職場は仕事をする場とはいえ、人間関係がギクシャクしていれば従業員が目の前の仕事に専念することができず、生産性は悪くなってしまいます。職場からできる限り心配事を取り除き、良好な職場関係を築けている企業は、生産性が高い傾向にあります。
オンオフを上手に切り替えられている
5つ目の特徴は、オンとオフを上手に切り替えるための環境が整っていることです。どんなにスキルやモチベーションが高くても、疲労が溜まっていたりネガティブな気持ちになっていたりすると、パフォーマンスは低下します。
そのため、生産性の高い企業では、「長時間働くこと」を美徳とせず、オンとオフを明確にすることでいかに生産性良く働けるかを重視する傾向にあります。どのようなスケジュールなら生産性が高まるのかを知るためにも、有給の取得率や残業、休日出勤日数などを把握・管理し、従業員がオンとオフを上手に切り替えられる環境を整えましょう。
生産性を上げるには?企業の生産性向上の成功事例
ここまでで、生産性の高い企業に通じる特徴を理解していただけたと思います。続いて、生産性を上げることに成功した企業の事例を紹介しましょう。
味の素株式会社
味の素株式会社は、「Work@A〜味の素流働き方改革〜」を推進するにあたって、時間を意識した働き方の導入や、業務・活動の見える化など、さまざまな時間生産性の向上に取り組んでいます。また、挨拶の励行により良好な人間関係を整えたり、ダイバーシティを推進したりするなど、働きやすい・働きがいのある職場作りに積極的に取り組んでいる企業としても知られています。
これらの取り組みの結果、2015年度では2007年度と比較して、総実労働時間が減少したのに対して、営業利益は増加。生産性の大幅な向上に成功しています。仕事のやりがいや生産性の向上を実感している従業員も増えており、今後もさらなる生産性の向上が期待されています。
ヤフー株式会社
ヤフー株式会社は、2020年2月、「月5回まで」としていたリモートワーク制限を解除し、在宅勤務を全面的に導入しました。大多数の従業員は、在宅勤務でもパフォーマンスが落ちなかった、さらにはパフォーマンスが向上したことを報告しています。

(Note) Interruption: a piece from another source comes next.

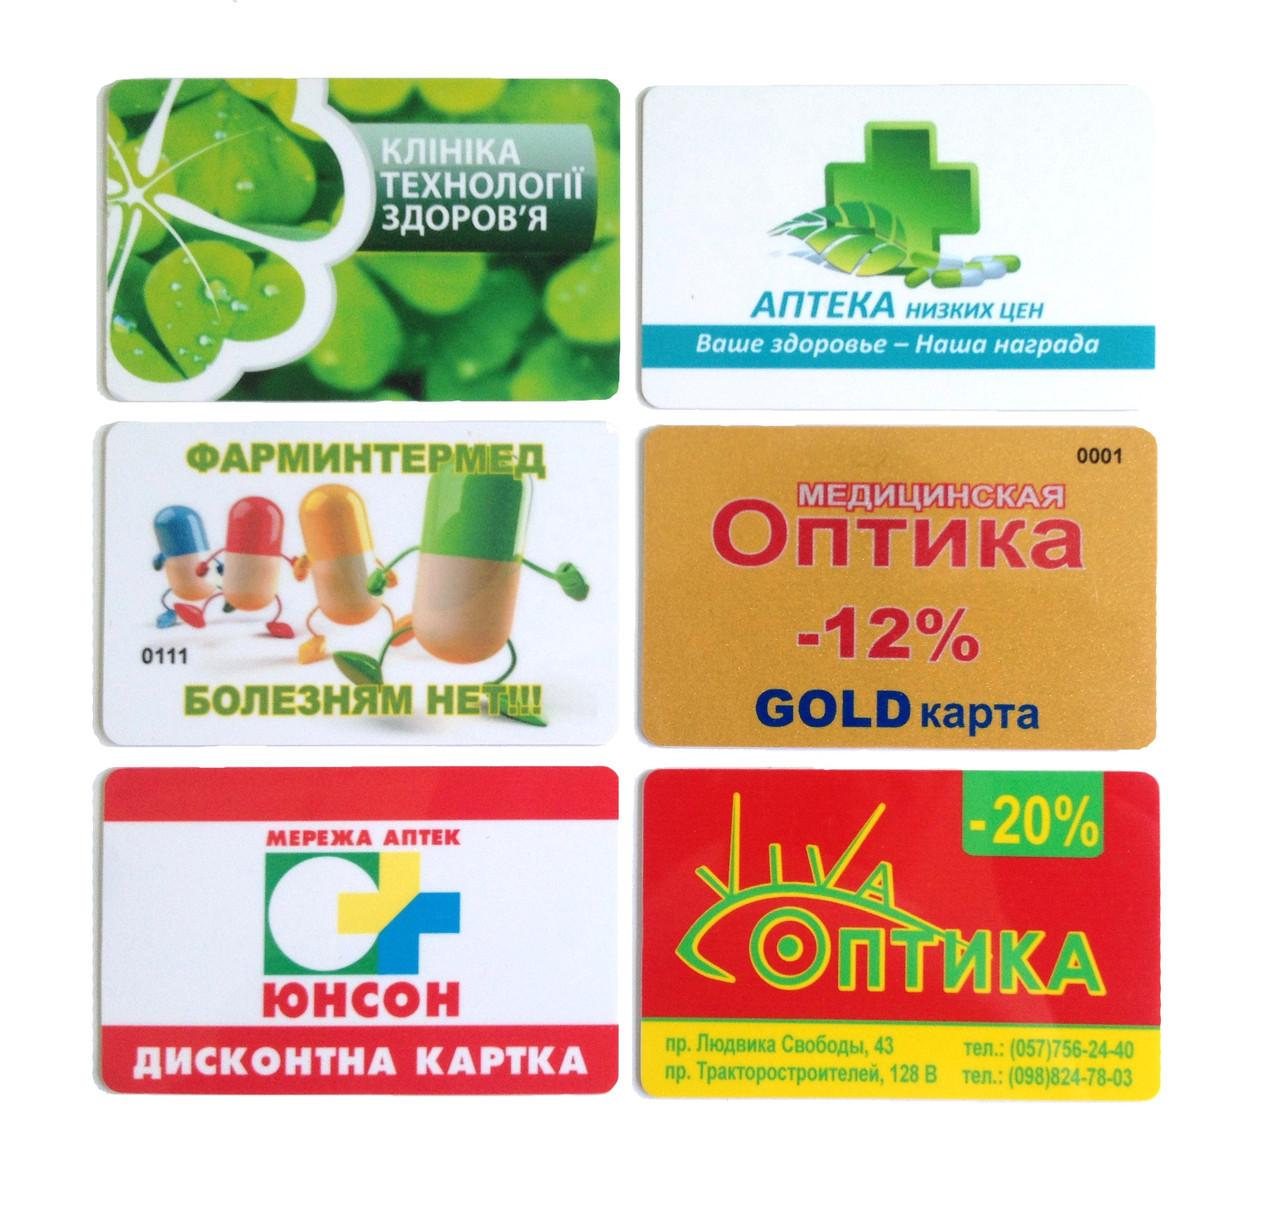 Пластиковые карты для аптек

この結果を受け、ヤフー株式会社は従業員がより生産性高く働けるようにフレックスタイム勤務のコアタイムを廃止したり、リモートワークの補助金を出したりするなど、新たな働き方への移行に取り組んでいます。
ヤマサハウス株式会社
続いて紹介するのは、住宅設計や建材販売などを幅広く手がけるヤマサハウス株式会社の事例です。
ヤマサハウス株式会社では、「学習する組織」というコンセプトの下、全社員参加型の勉強会を定期的に開催し、全社員一丸となってスキルアップに取り組んでいます。従業員の能力が高まったこと、そして社内の暗黙知を効果的に共有できたことによって、付加価値および労働生産性の向上に成功しています。
また、ヤマサハウス株式会社は、ITを活用した生産性の向上にも積極的に取り組んでいます。スマホを活用したWeb会議や電子申請システムなどを導入し、コア業務により多くの時間を投資できる環境を整えています。
まとめ
今回は、生産性が高い企業の特徴や、生産性を上げることに成功した取り組み事例などを紹介しました。
効果的に生産性を向上させるためには、生産性の高い企業を参考に、自社の抱える課題を一つずつ解決していくことが欠かせません。この記事でお伝えした生産性の高い企業の特徴や実際の成功事例などを手本に、生産性向上に取り組んでみてはいかがでしょうか?